Pagan black metal adventurer Askrinn makes impressive debut with wintry, icy ‘Hjørleifsljóð’

4pp CD  Booklet.aiA few times a week, I get submissions from artists and bands who are wondering if we’d be interested in writing about their music. I appreciate these submissions and feel honored bands approach us with their work to see what we think. I always think it’s ridiculous people care about our opinion, even if offering said viewpoint is the whole reason this site exists in the first place.

We can’t get to everything, and really, not everything we receive fits. But now and again something will come along that totally aligns with the type of music we love and try to feature on this site. That happened recently when the band Askrinn sent us a message along with their debut offering “Hjørleifsljóð.” The message was accompanied by a brief description of the music, basically in that is in the vein of Arckanum, and that made me want to tear into the thing for two reasons. First, anything compared to Arckanum gets my ears to perk up because I love that band. Second, I wanted to see if that line of thinking applied and if it measured up to those expectations.
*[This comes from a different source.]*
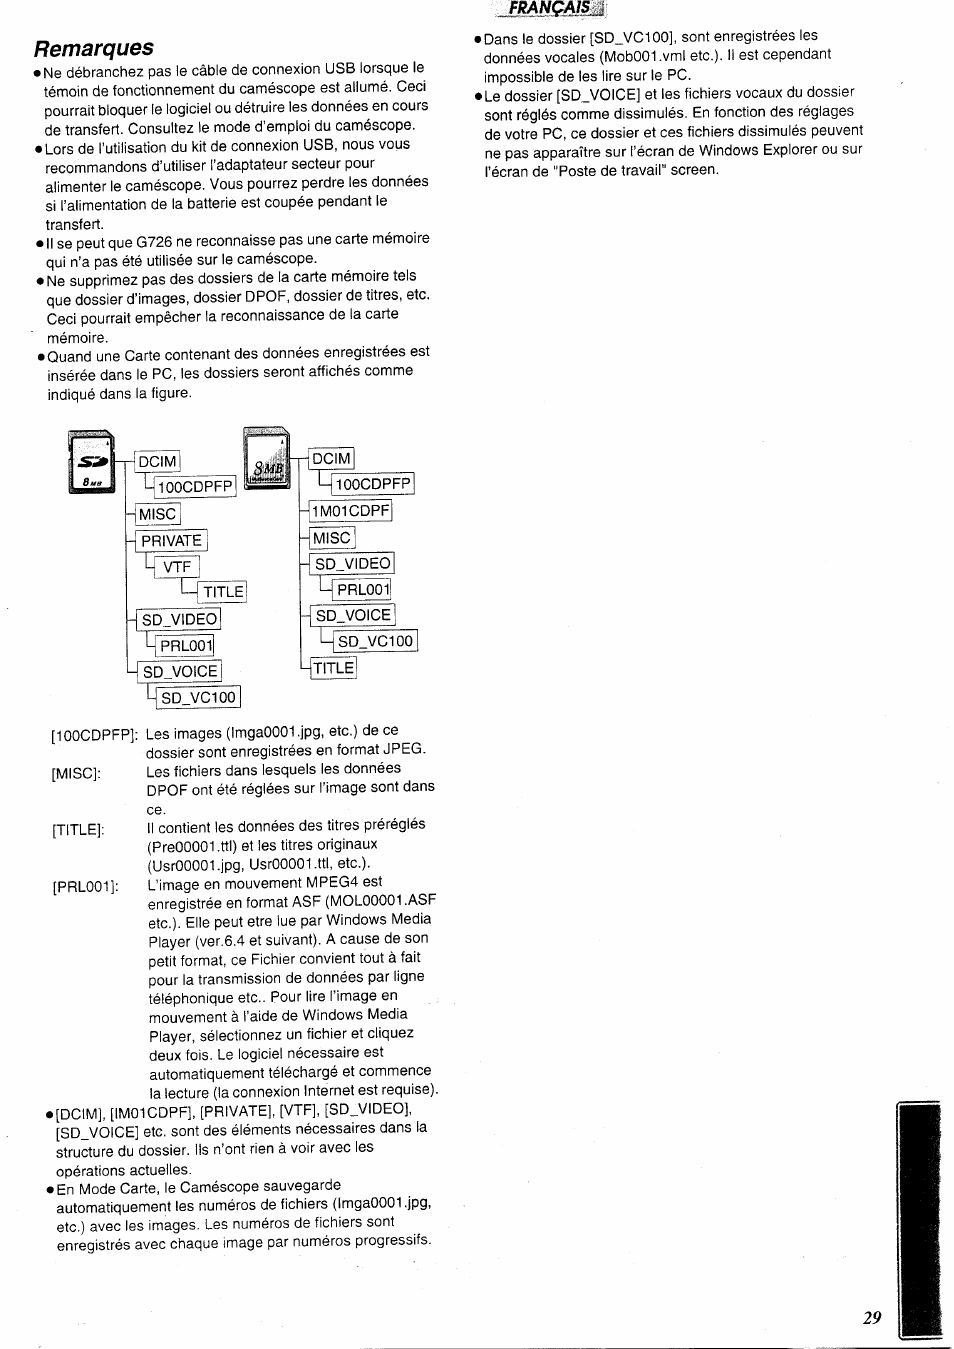 Remarques | Panasonic USBKit Manuel d'utilisation | Page 15 / 29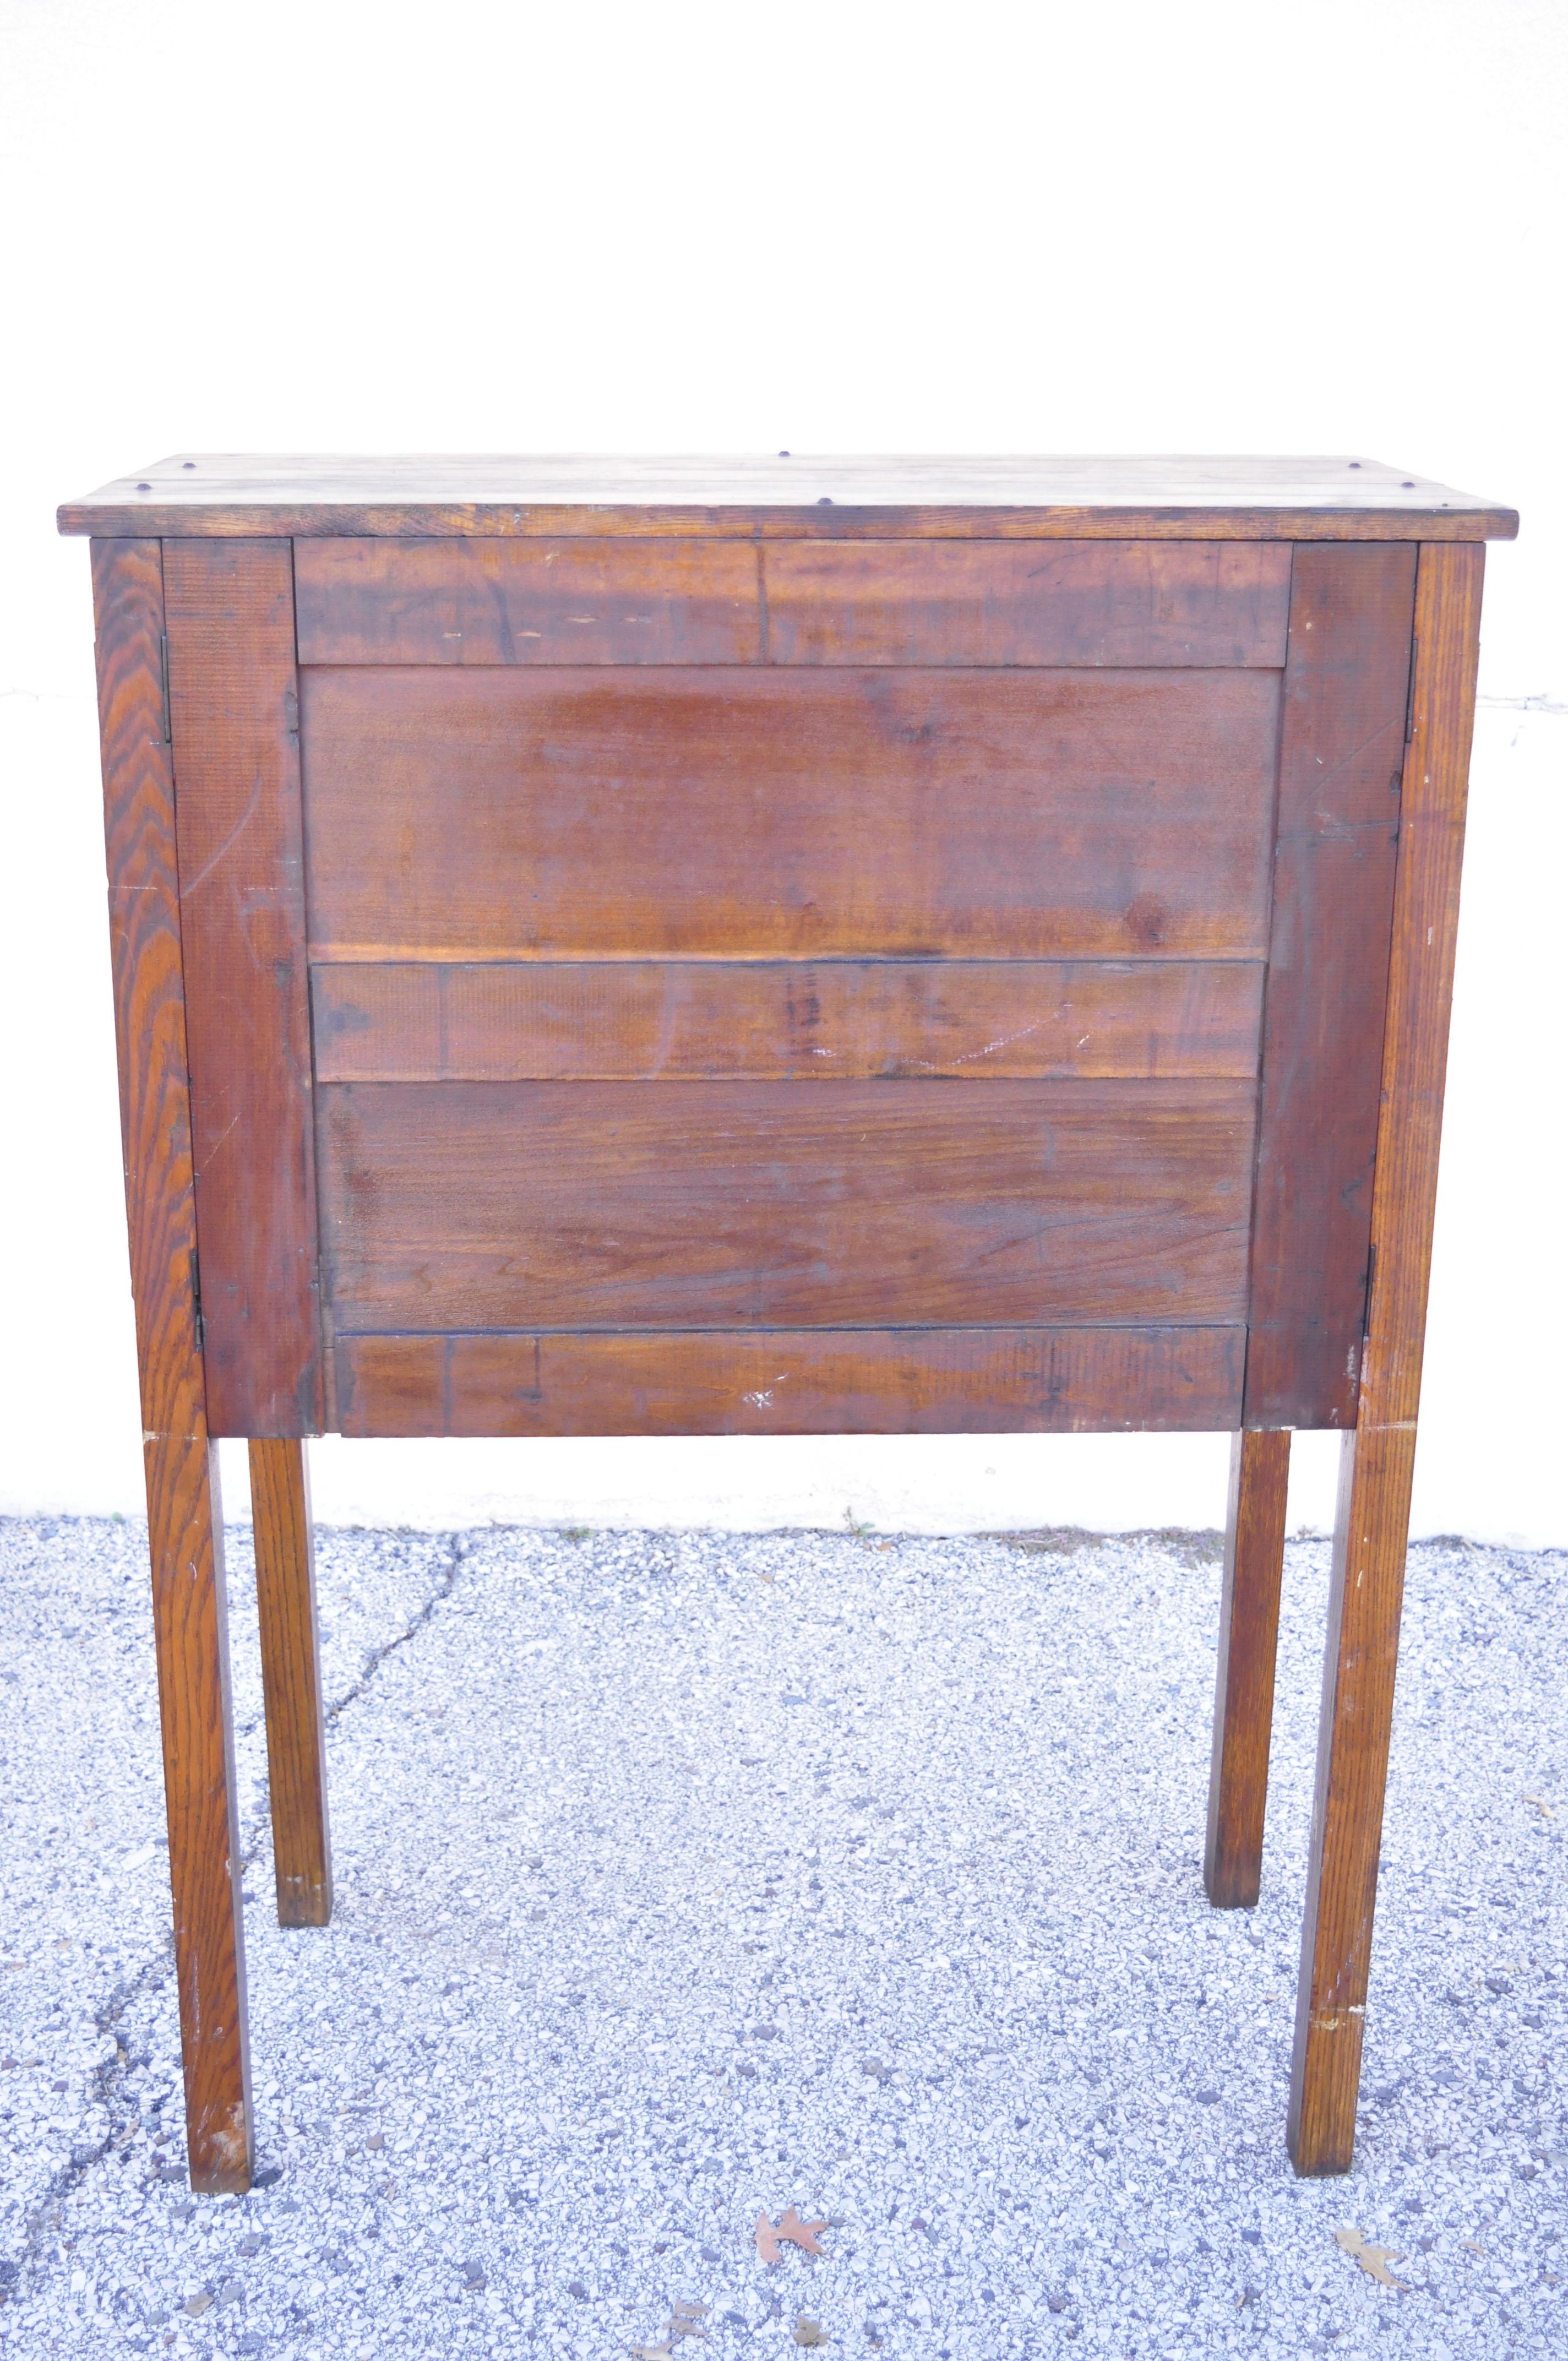 Antique Arts & Crafts Mission Oak Wood Pie Safe Kitchen Cupboard Cabinet on Legs 2

Luckily, it did, and if anything, band mastermind Valenten may have sold his project short, because his reaches go far beyond.

The music is rooted in Pagan black metal, something in which I indulge heavily in late fall and winter months, because to me, it just works so well at that time of the year. Cold weather oppressing, red and orange skies mixing with purple as dusk nears, and my boots crunching snow, dead branches, and decaying leaves. Lyrically the record is inspired by a 13th century Icelandic text.  But beyond that Arckanum comparison, I hear so many more influences in Askrinn’s music, stretching but not limited to early Enslaved, Leviathan, Beherit, and Summoning, groups that do a great job balancing atmosphere with outright brutality. So the music that greeted me on “Hjørleifsljóð” excited me so much, I felt that not only did I want to render my opinion, but I wanted as many people as possible to check out the music and see if it doesn’t make their blood surge.

The first cut “Bjarmalandsför Hjörleifs konungs” rips open, with a wintry black metal-style guitar assault blasting fully and compelling melodies encircling and enrapturing you. The song takes some bizarre turns, leaving you unable to look back and see a clear path as to where you’ve come from, and the wrenching vocals work with the twisting and spiraling chaos to mete out devastation. Toward the end of the track, folk-inflected guitars rise up and the track bursts to its finish. “Hjörleifr mægðist við Hreiðar konung” follows, beginning with acoustic strains drizzling down and fury finally taking hold of the song. Once again, the vocals are fierce and emotional, matching the intensity of the music that just crushes in spots, and there’s a charm apparent in the lo-fi approach to the cut. It feels genuine and raw, which enhances the atmosphere. Valenten again delves into folk, letting in some color and more texture, but before it’s over, the fires blaze again, the melodies are inventive and invigorating, and the final moments feel like they emanate from a deep freeze.

“Frá spám Marmennils” has a doom-infested intro, making for some of the darkest pockets on the record, but eventually Valenten returns to churning out spacious black metal, with the leads raining down hard and delivering total darkness. There is some cool start-stop playing that makes the music feel chunky and heavy, though eventually some echoey acoustics bleed in to halt the pace. Once the storm returns, the vocals take on a creaky, terrifying tone, the leads feel like they’re racing over a bumpy road with reckless abandon, and speedy melodies and guttural growls keep punishing you to the end. “Frá konungum, Hjörleifi ok Hreiðari” has an elegant introduction, with clean playing leading the way, and more serenity that hopes to disarm you for when the power strikes. And it does, with razor-sharp, dangerous guitars, shrieks floating atop the madness, and a great tempo that gets your fists clenched. The drums are utterly assaulted, the fever builds, and the song has a great finale that should leave your lungs gasping for freezing air. Valenten ends the record with an excellent cover of Bornholm’s “Hymn to the Forgotten Pagan Gods,” his take on the Hungarian band’s song that’s a little grislier than the original. It fits really well with the four original songs, and it brings this collection to a thunderous, satisfying end.

Askrinn is a very worthy project, one that’s just in its infancy and really has a world of potential to explore. Valenten has done a great job with “Hjørleifsljóð” to keep it heavy but raw, fully realized but open to the listeners’ interpretation of the journey. I’m hoping to see Askrinn grow and develop from here, as the ideas behind the band and the fantastic music make for solid foundations. I’m thrilled Valenten chose to reach out, because this adds more vital music to my icy soundtrack over the next few months.